Received 7 April 2012; Revised 1 August 2012; Accepted 17 August 2012

Academic Editor: Yen-Wei Chen

Copyright © 2012 Huiyan Jiang et al. This is an open access article distributed under the Creative Commons Attribution License, which permits unrestricted use, distribution, and reproduction in any medium, provided the original work is properly cited.
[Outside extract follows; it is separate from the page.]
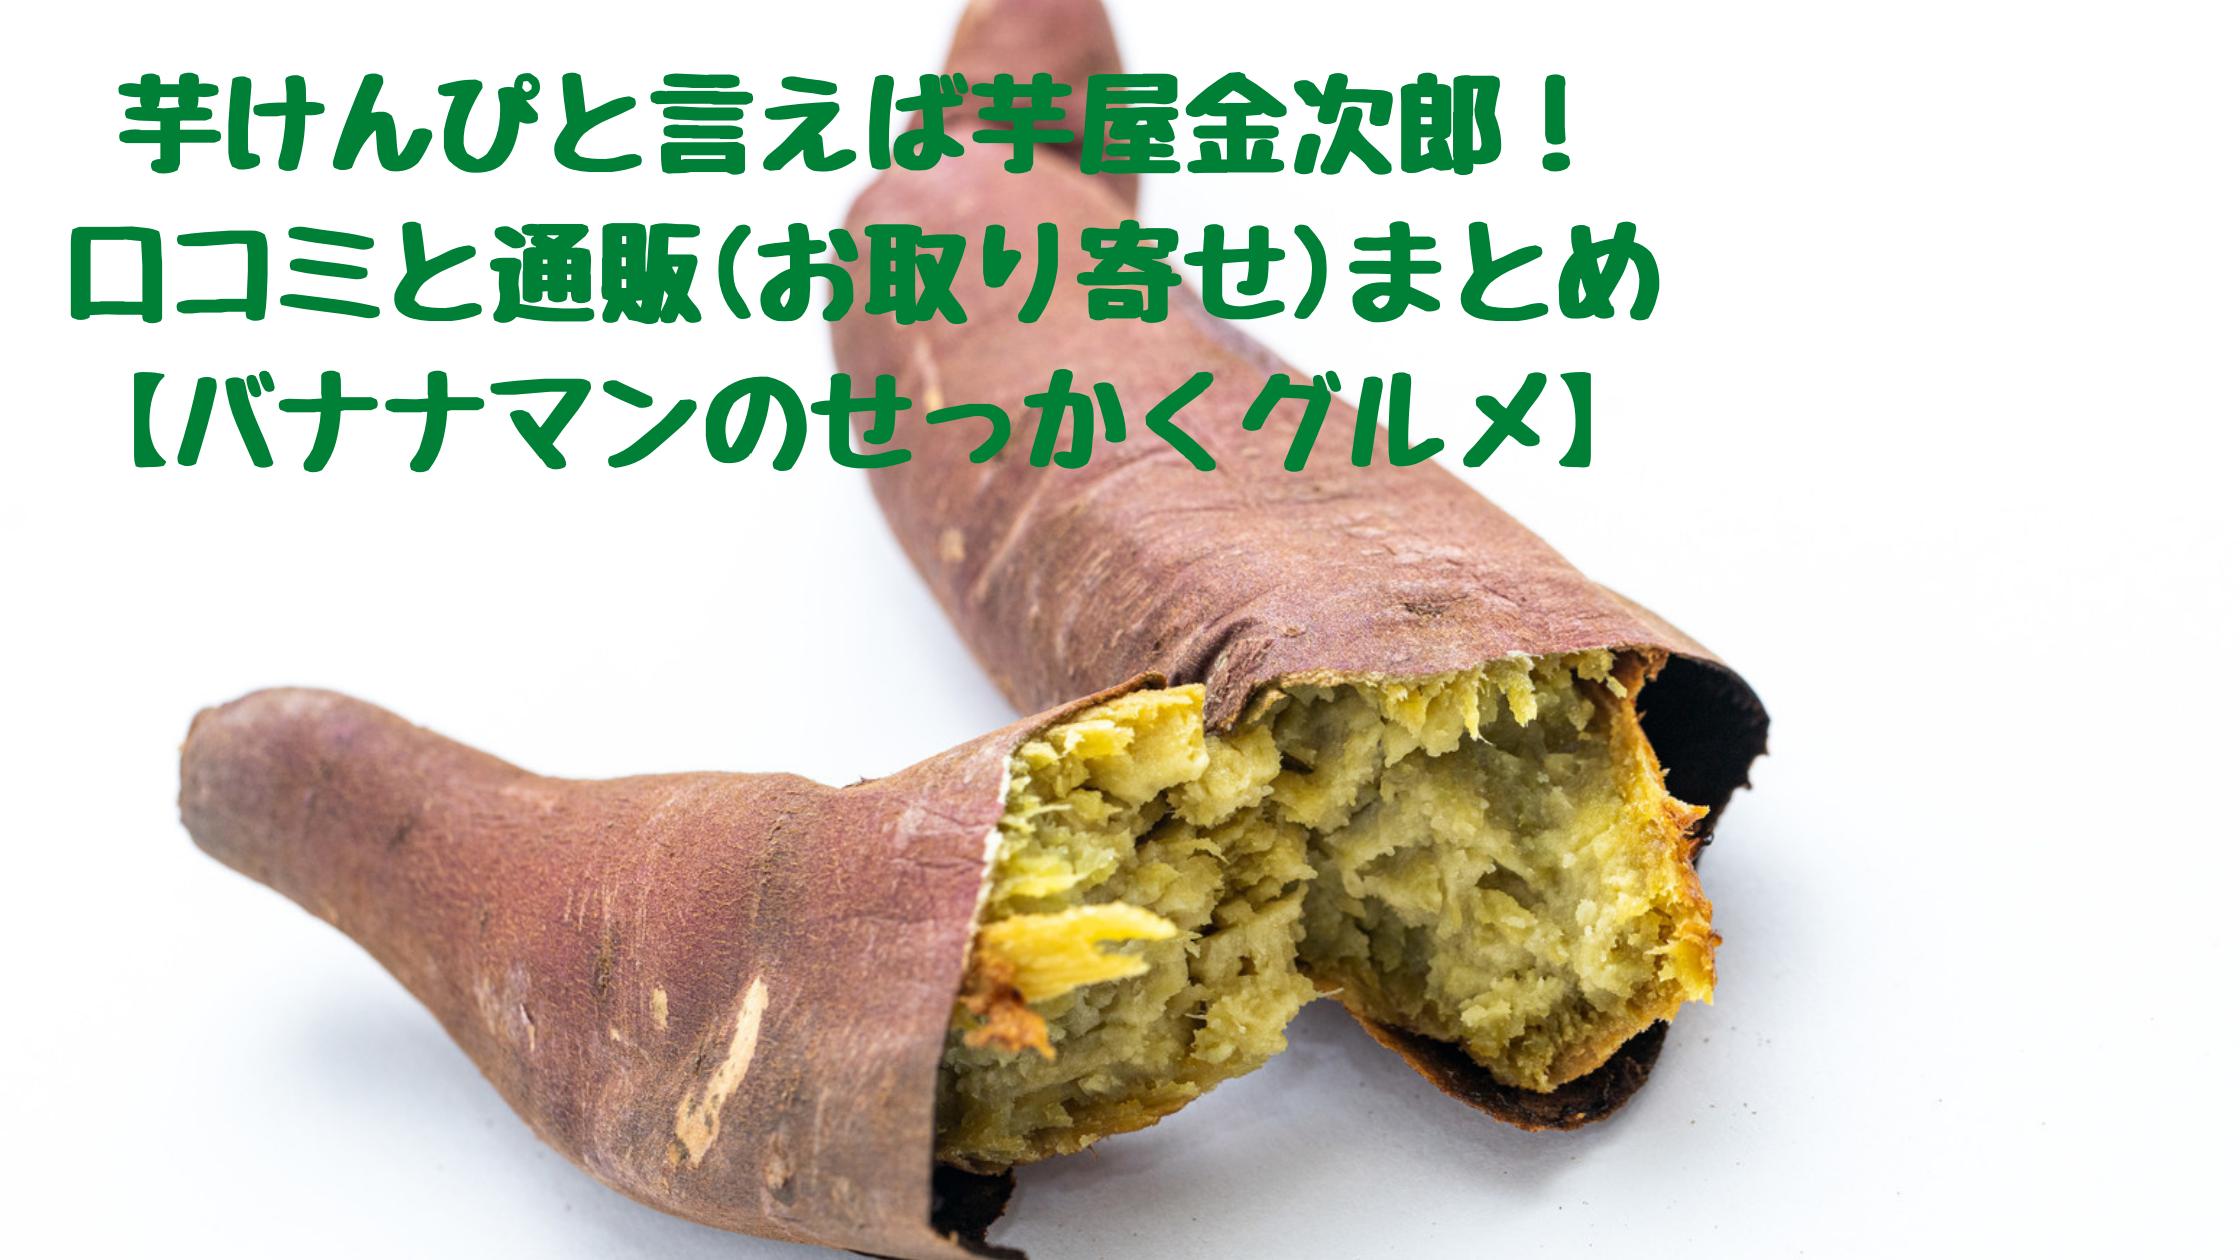 ぴ けん 金次郎 芋

An optimized medical image compression algorithm based on wavelet transform and improved vector quantization is introduced. The goal of the proposed method is to maintain the diagnostic-related information of the medical image at a high compression ratio. Wavelet transformation was first applied to the image. For the lowest-frequency subband of wavelet coefficients, a lossless compression method was exploited; for each of the high-frequency subbands, an optimized vector quantization with variable block size was implemented. In the novel vector quantization method, local fractal dimension (LFD) was used to analyze the local complexity of each wavelet coefficients, subband. Then an optimal quadtree method was employed to partition each wavelet coefficients, subband into several sizes of subblocks. After that, a modified K-means approach which is based on energy function was used in the codebook training phase. At last, vector quantization coding was implemented in different types of sub-blocks. In order to verify the effectiveness of the proposed algorithm, JPEG, JPEG2000, and fractal coding approach were chosen as contrast algorithms. Experimental results show that the proposed method can improve the compression performance and can achieve a balance between the compression ratio and the image visual quality.